Compounding changes a medicine or ingredients into a form that matches an individual prescription. A pharmacy might make a different strength, remove an inactive ingredient, create a liquid, or combine compatible ingredients when appropriate. The final product is made for the patient named in the prescription. Because the medicine is custom prepared, instructions and quality controls can differ from standard manufactured products.

When Are Compounded Medications Used?

Compounded medications can be used when a patient cannot tolerate an ingredient in a commercial product, needs a different dosage form, or needs a strength that is not commercially available. They can also be used when a medicine is temporarily unavailable or when a child or pet needs a more usable form. Compounding should be based on a legitimate medical need. It should not be used simply to copy an available FDA-approved drug without a valid reason.

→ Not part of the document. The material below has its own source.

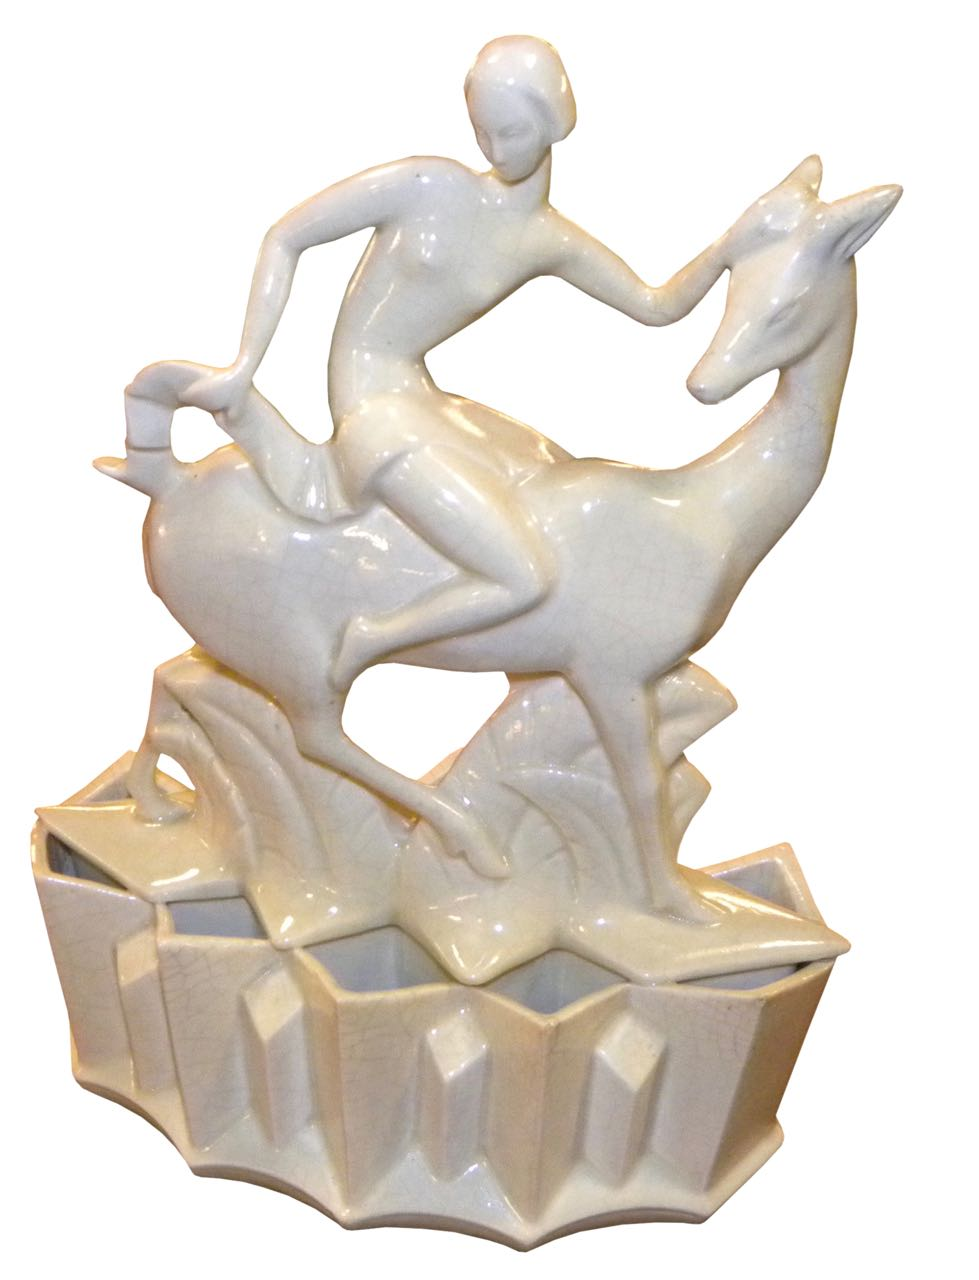 Crackle Glazed Ceramic Art Deco Woman on Antelope Cubist

Compounded Medication Vs FDA-Approved Drug

FDA-approved drugs go through FDA review for safety, effectiveness, quality, labeling, and manufacturing standards. Compounded medications do not go through that same approval process. This means the prescriber, pharmacist, and patient need to discuss why compounding is needed and what risks apply. A compounded medication can be useful, but it carries different quality and safety considerations.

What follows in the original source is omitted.